Se l’idea di partenza è consistente, la realizzazione appare a tratti manchevole. Convivono fin troppe sollecitazioni: il coro come occhio esterno alla vicenda sembra citare certi Verdi “risorgimentali” di Ronconi, il candido Carlo VII trasformato in statua dorata discende forse dal Principe Felice di Oscar Wilde, i diavolacci rientrano in un trash postmoderno, l’abbondante uso di proiezioni semplifica ma non risolve.
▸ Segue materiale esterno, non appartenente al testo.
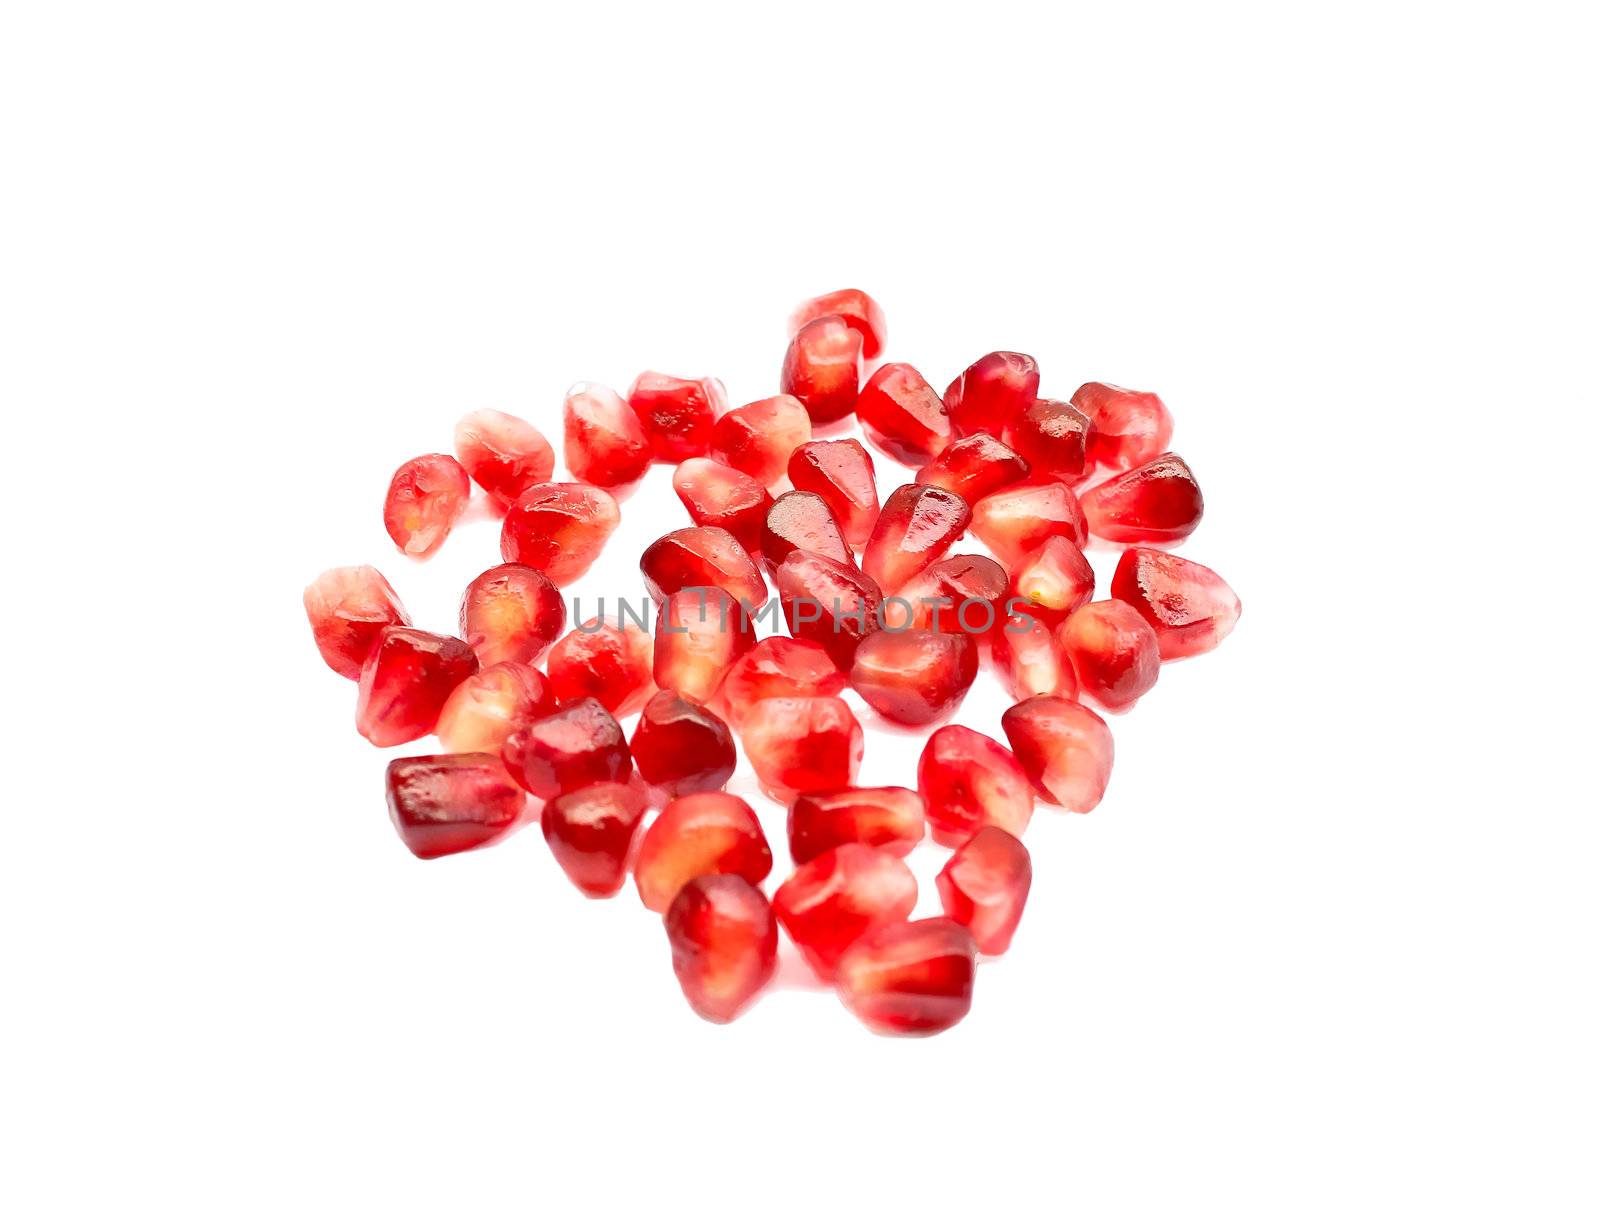 Pomegranate seeds on a white background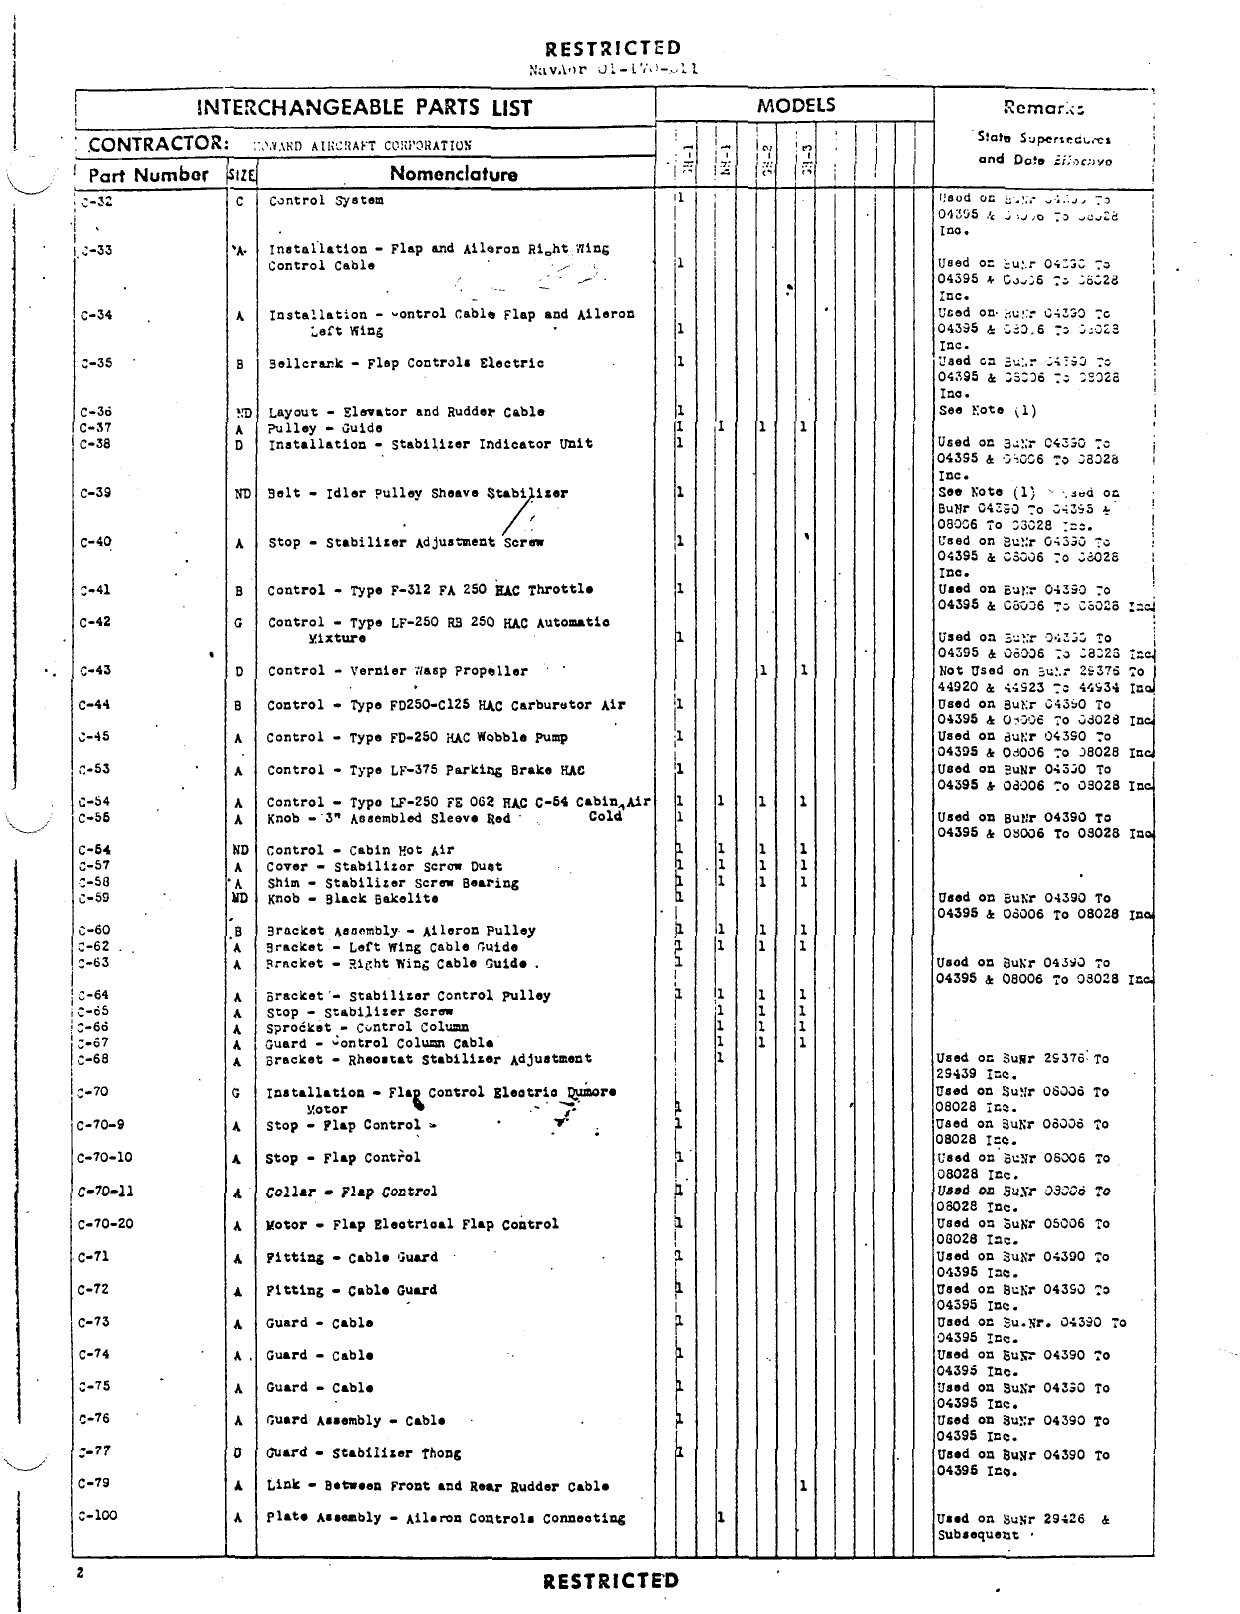 Sample page 5 from AirCorps Library document: Interchangeable Parts Catalog - GH-1, GH-2, GH-3, NH-1

Suggestivo, invece, l’uso incombente e deformato delle ombre, tra l’altro funzionale nell’evocare un inconscio romantico ancora ignaro di psicanalisi; e se tanto Schiller quanto Verdi fanno morire Giovanna in battaglia, negandole la catarsi del rogo, questa regia con un bel colpo di teatro gliela restituisce: ovviamente attraverso l’ennesimo sogno voluttuoso e masochistico della protagonista. 

Anna Netrebko è una Giovanna d’Arco molto compenetrata, sul piano scenico, nel personaggio ridisegnato dai due registi. Le cose funzionano meno sul fronte vocale: per la scarsa icasticità di una dizione criptica e, soprattutto, un’emissione oltremodo “pompata”, che la porta a un registro acuto voluminoso ma talvolta scompaginato, sonorità gravi spesso intubate e sparse disomogeneità. Cresce comunque nel corso dello spettacolo: almeno in dirittura di arrivo, la sicurezza dell’interprete prevale sui limiti della cantante. Al contrario, Francesco Meli – voce baciata dalla natura, ma tutt’altro che governata al millimetro – delude sulla distanza: la bellezza timbrica, dopo un po’, non fa dimenticare certe inavvertenze musicali (l’intonazione, soprattutto quando scende, e l’appiombo ritmico non sono adamantini), forse evidenziate da una serata in cattiva forma.

Devid Cecconi, a sua volta, porta il peso di una fonazione come infossata, che impedisce alla voce di espandersi, penalizzandolo soprattutto laddove Verdi si affida allo stile “grandioso” (una prescrizione che, qui come per altri baritoni primoverdiani, ricorre esplicitamente in partitura). Il fraseggiatore, invece, è di buona linea: scabra ma non priva di nobiltà, più sulla falsariga dei primi interpreti della fugace Giovanna d’Arco renaissance degli anni Cinquanta (Panerai, Savarese) che su quella lirico-patetica di Milnes e Bruson. E avere un basso come Dmitry Beloselskiy nel minuscolo ruolo di Talbot è, da parte della Scala, una prova di grandeur ai limiti dello scialo: anche se poi, nelle poche battute riservate al personaggio, si sente lontano un miglio d’aver di fronte una voce niente affatto comprimariale.